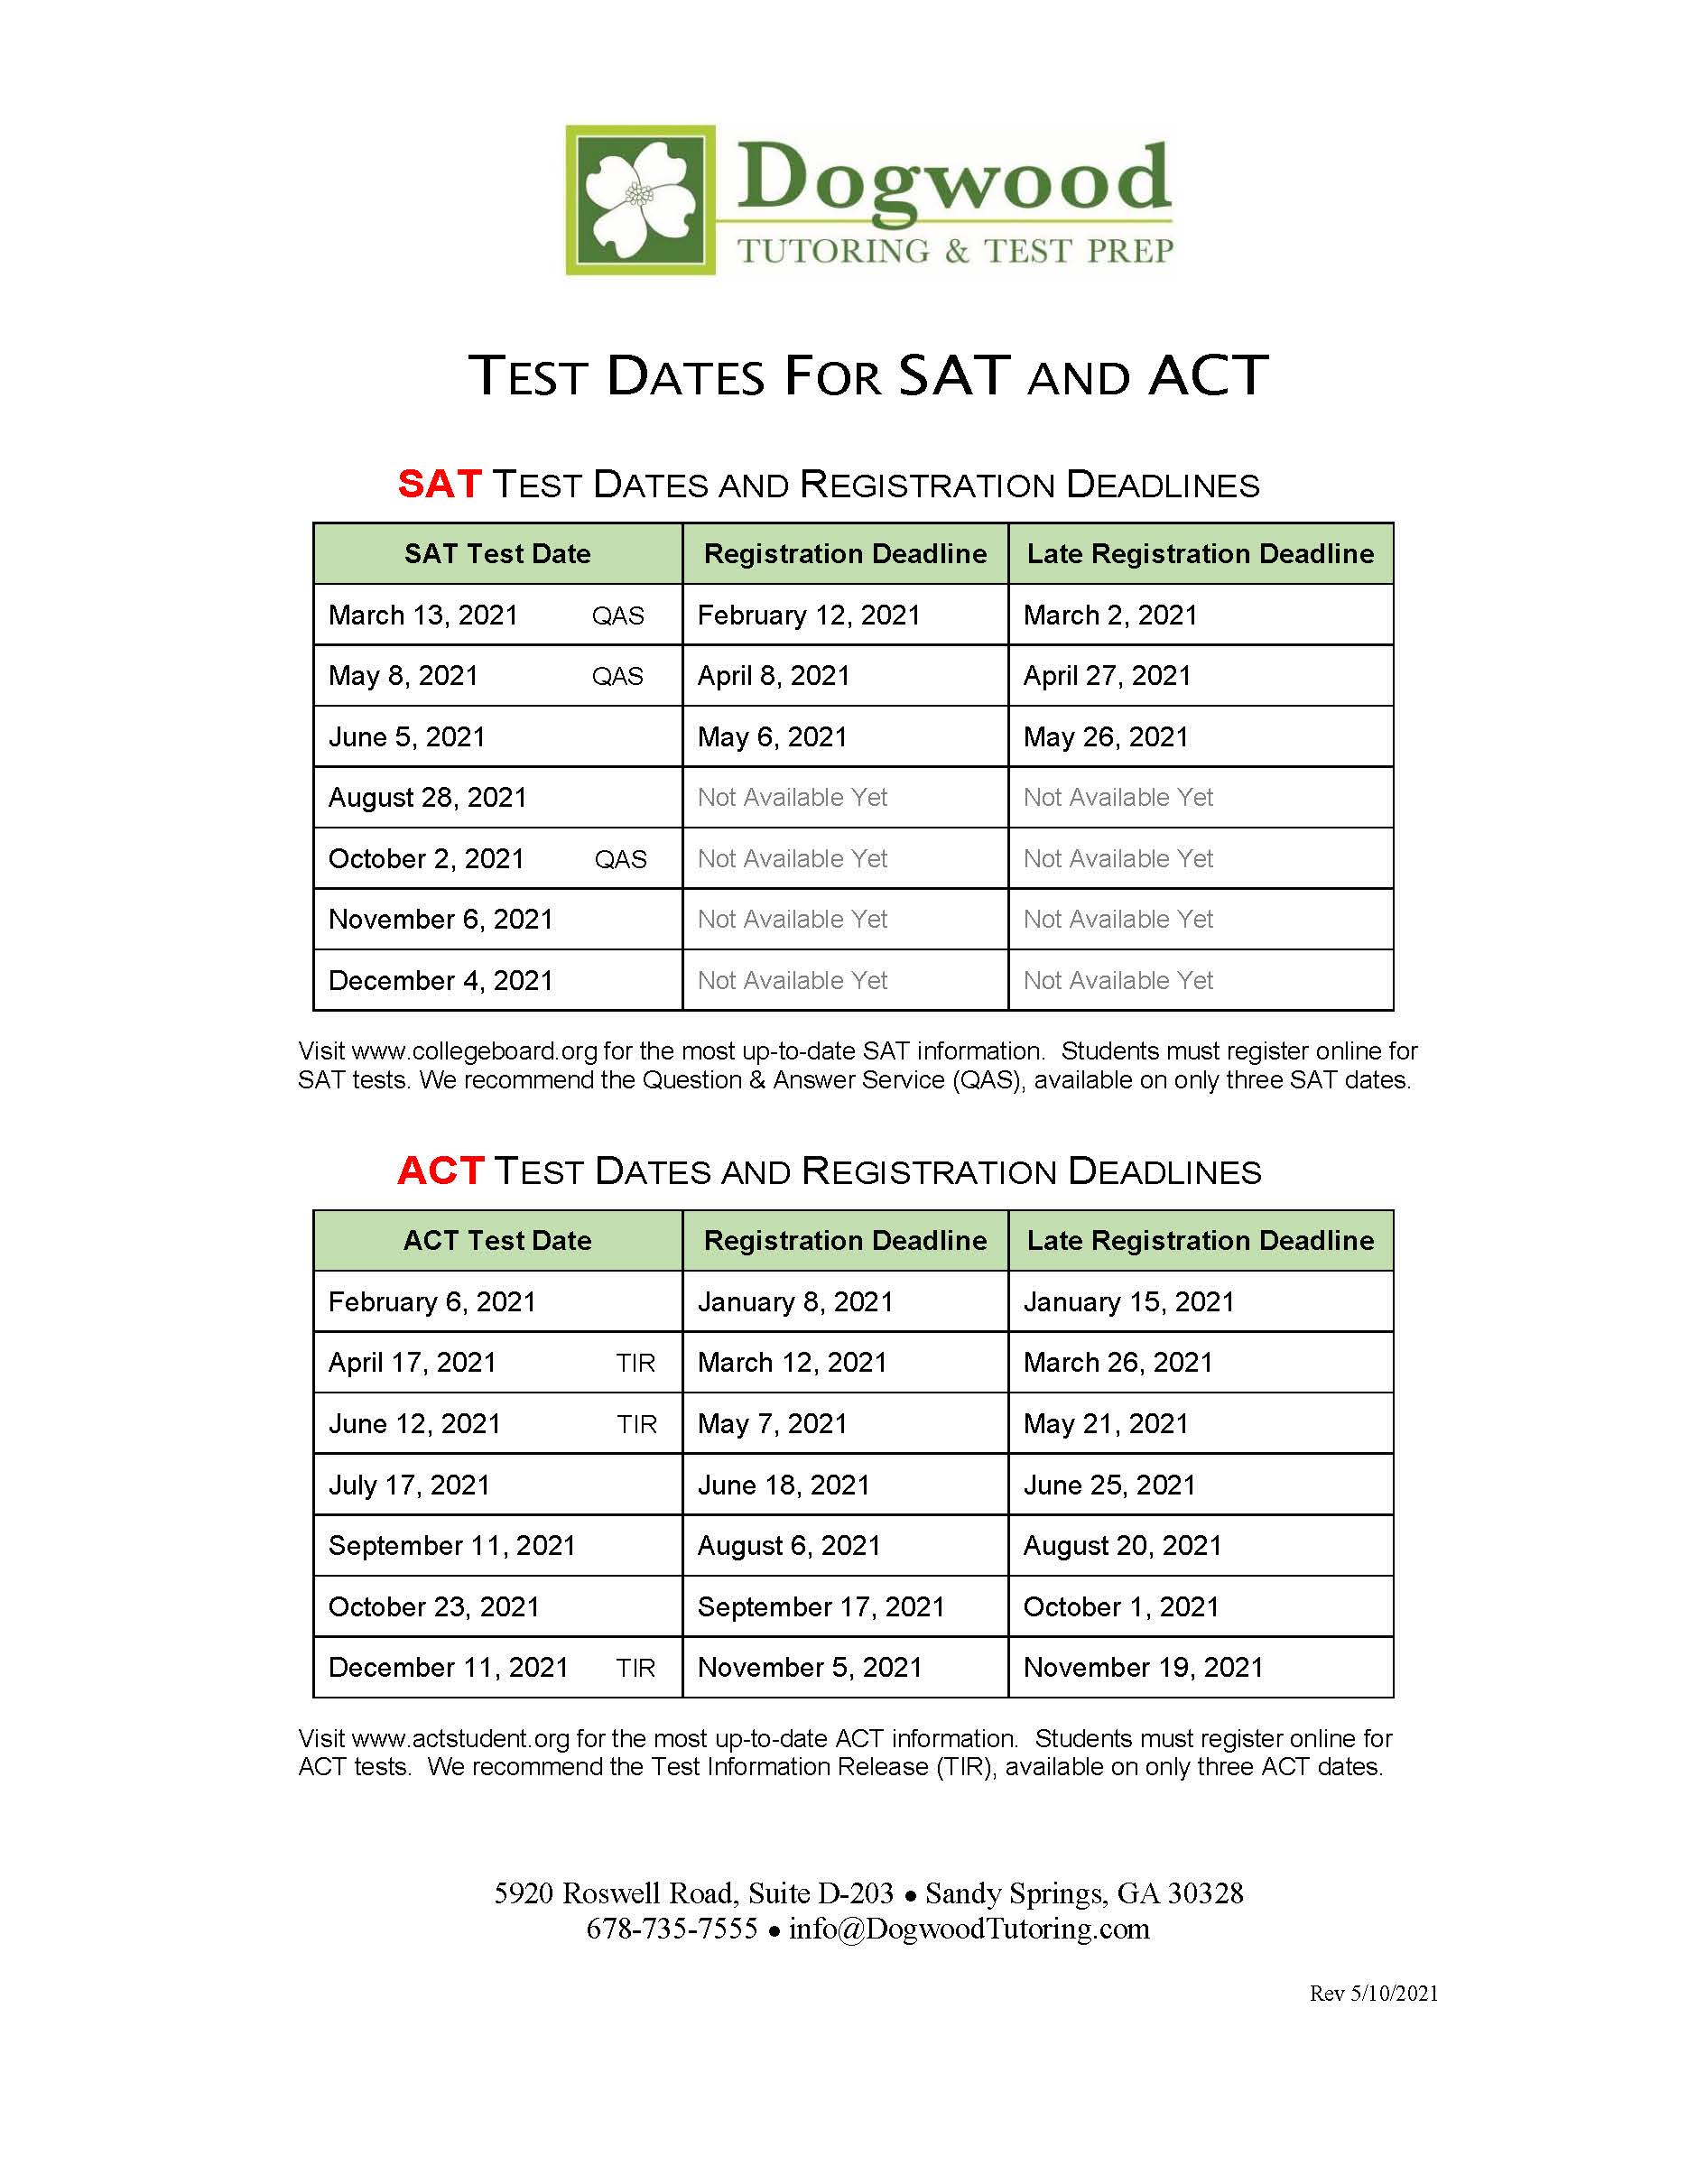 sat test dates
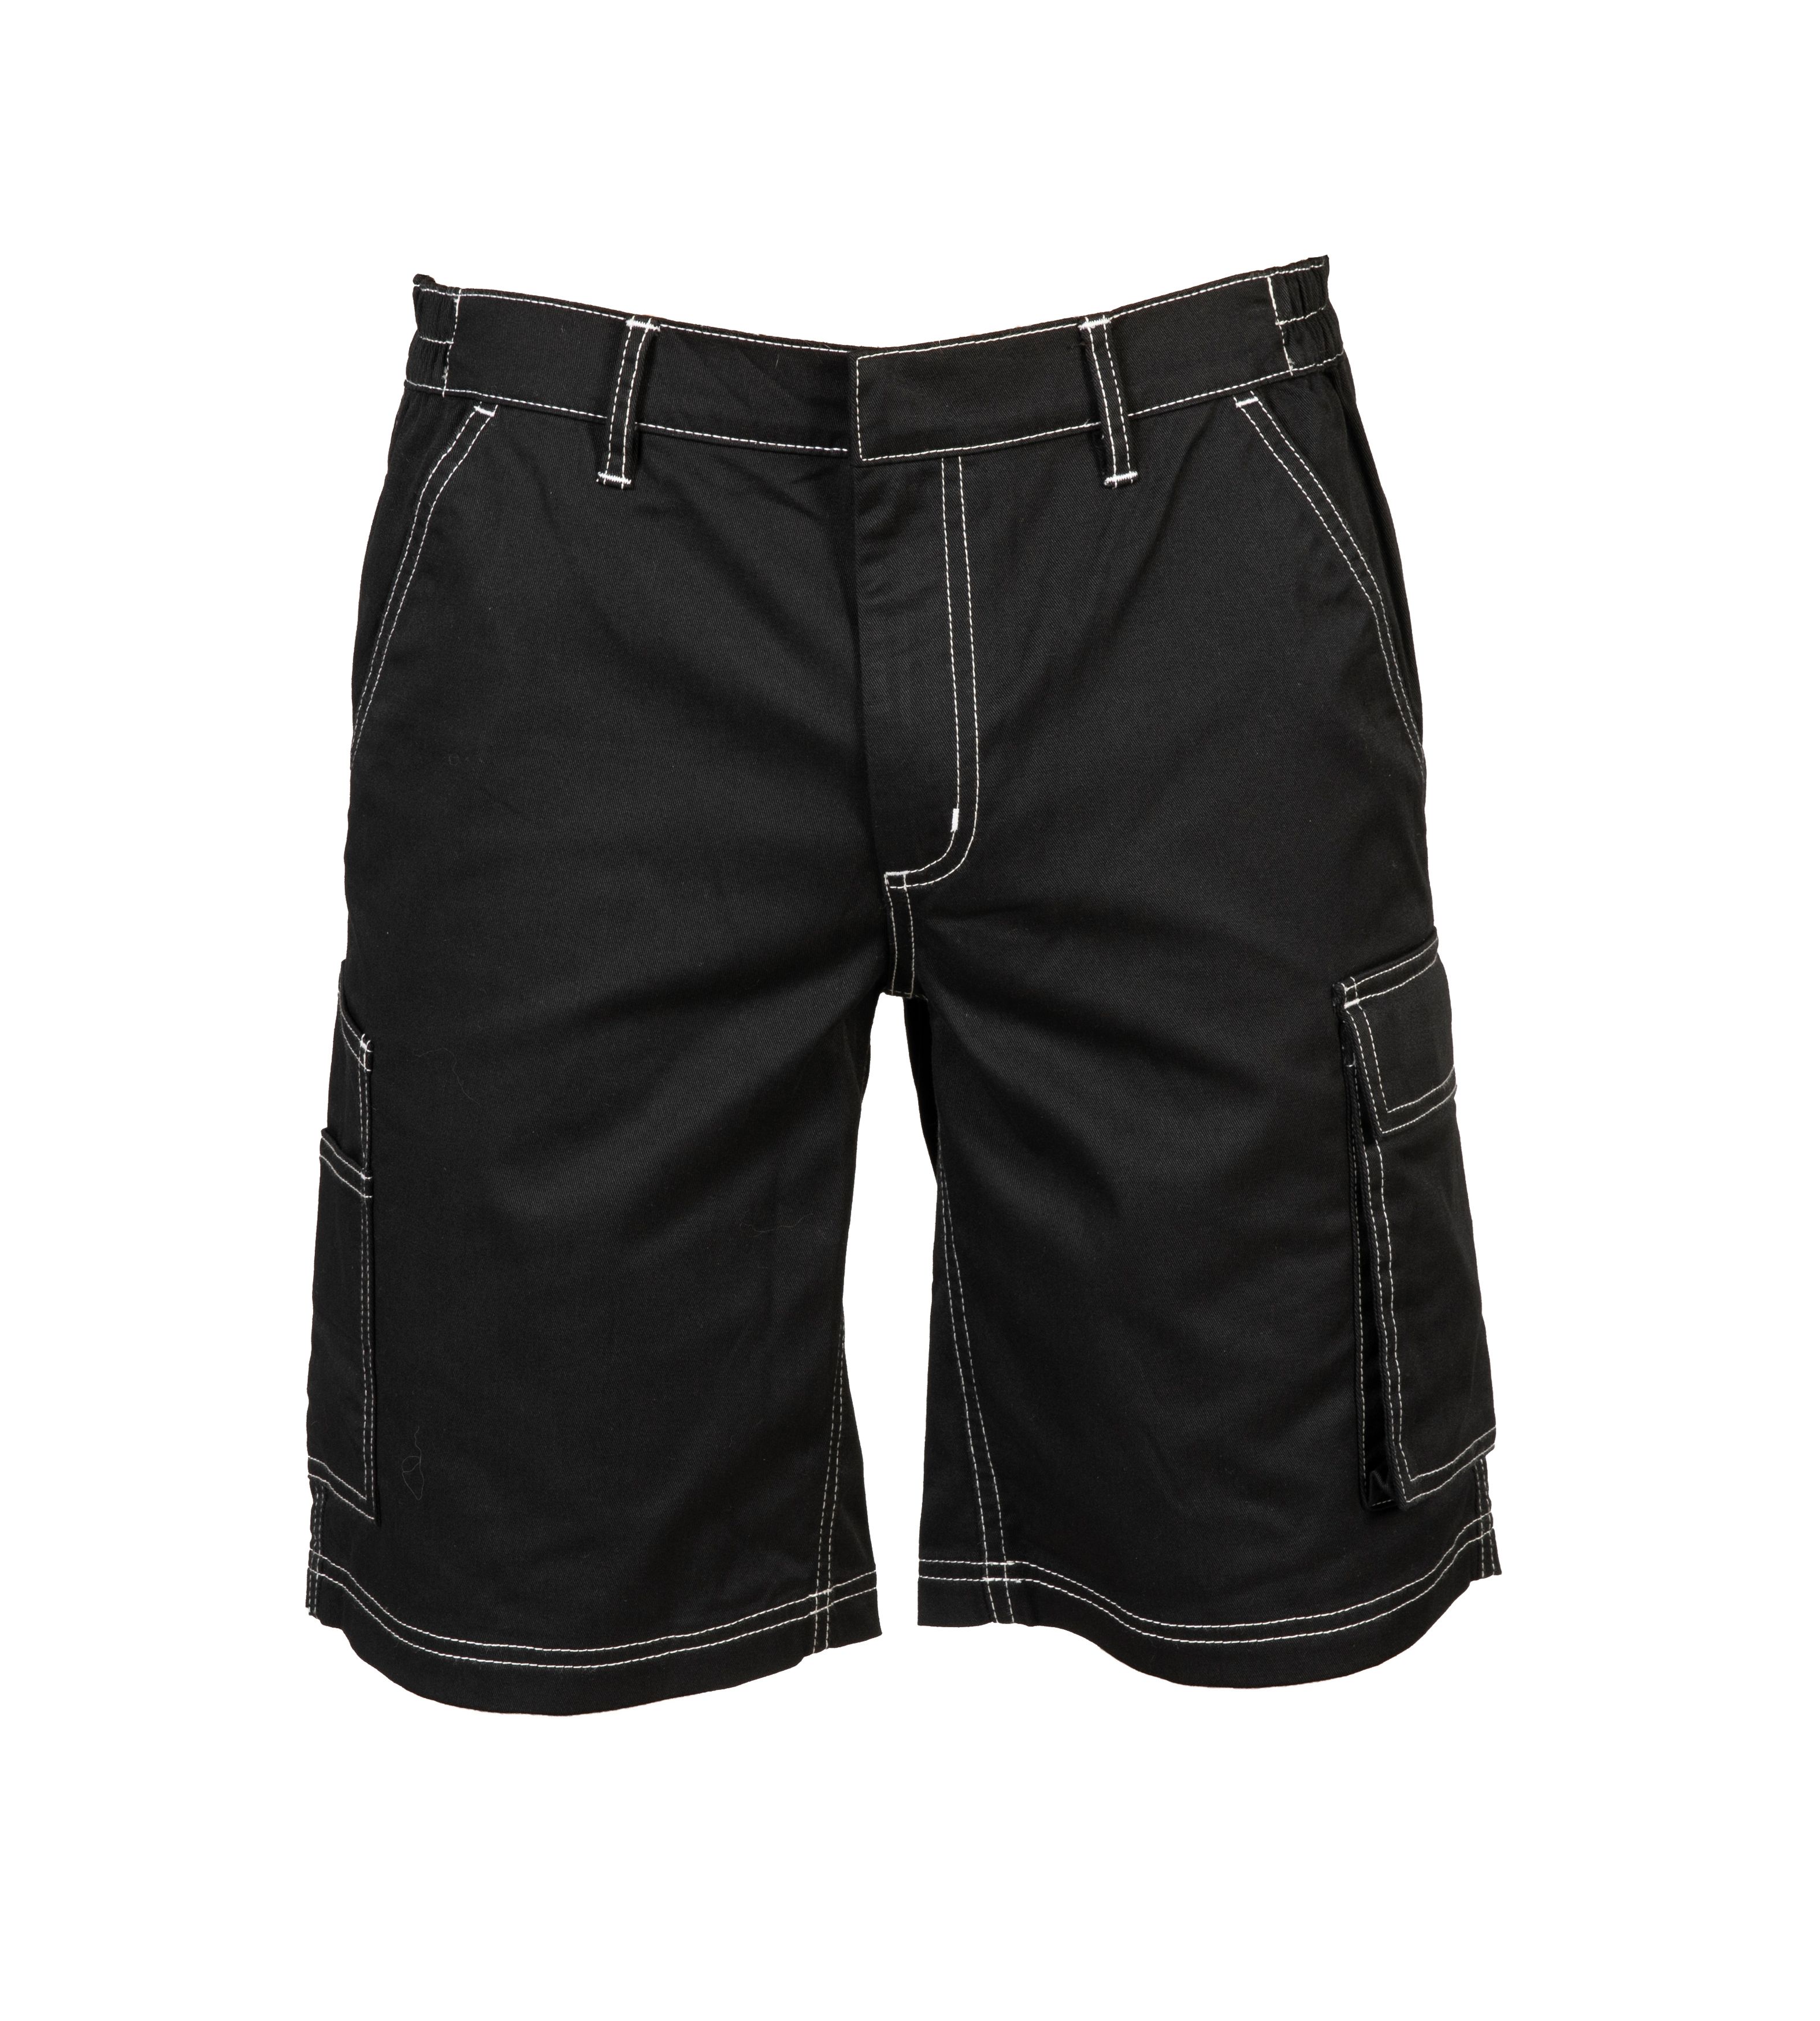 Spodnie Vigo Stretch Shorts
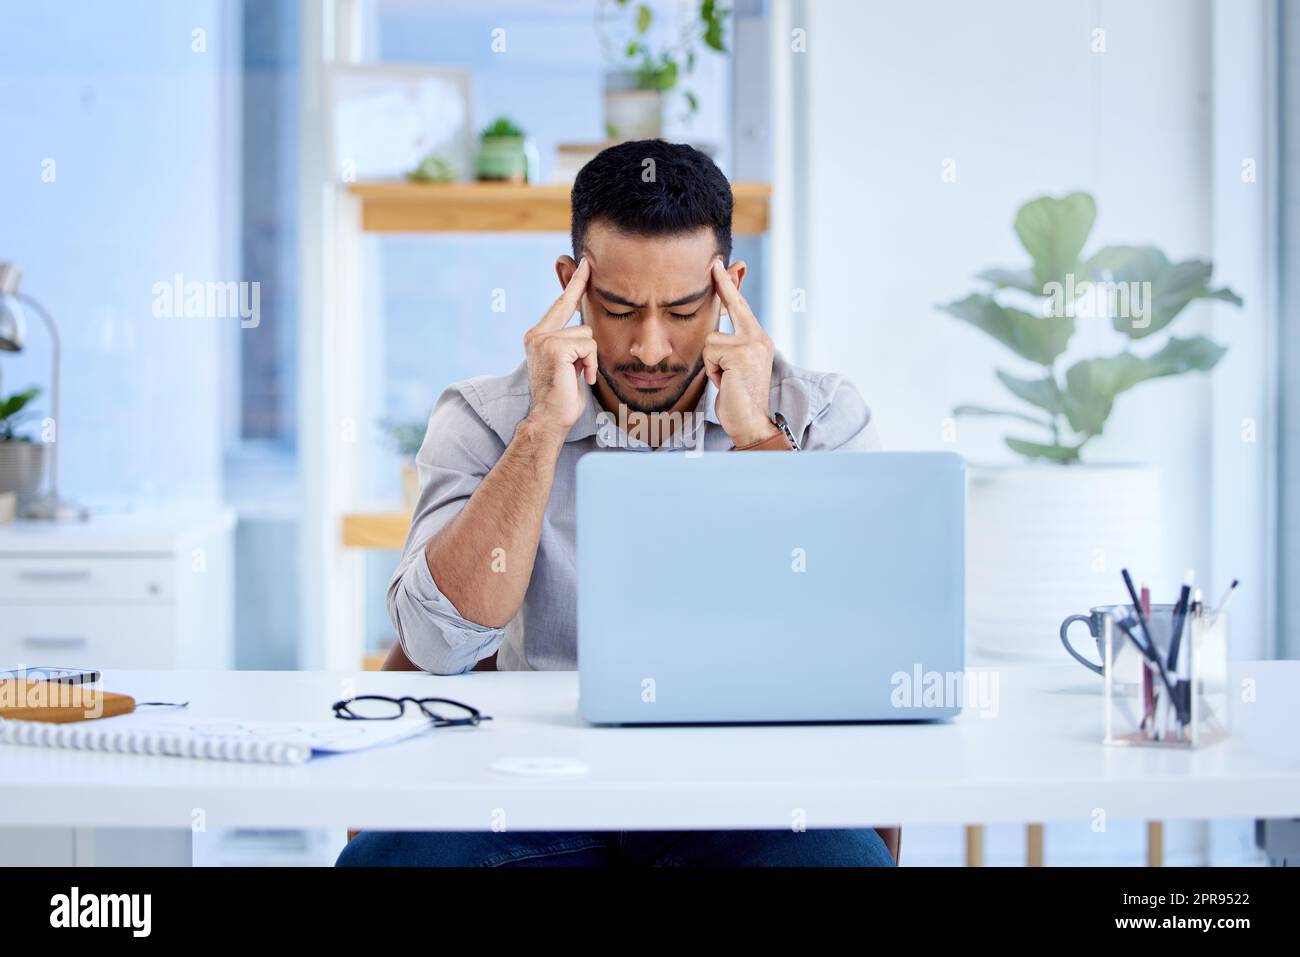 Belastet durch viele sich abzeichnende Fristen. Ein junger Geschäftsmann, der gestresst auf einem Laptop in einem Büro arbeitet. Stockfoto
────────────────────
Exercise description ::
Copy every line above exactly, leaving no picture in the copy.

Expected answer ::
 sat test dates
 Spodnie Vigo Stretch Shorts
 Belastet durch viele sich abzeichnende Fristen. Ein junger Geschäftsmann, der gestresst auf einem Laptop in einem Büro arbeitet. Stockfoto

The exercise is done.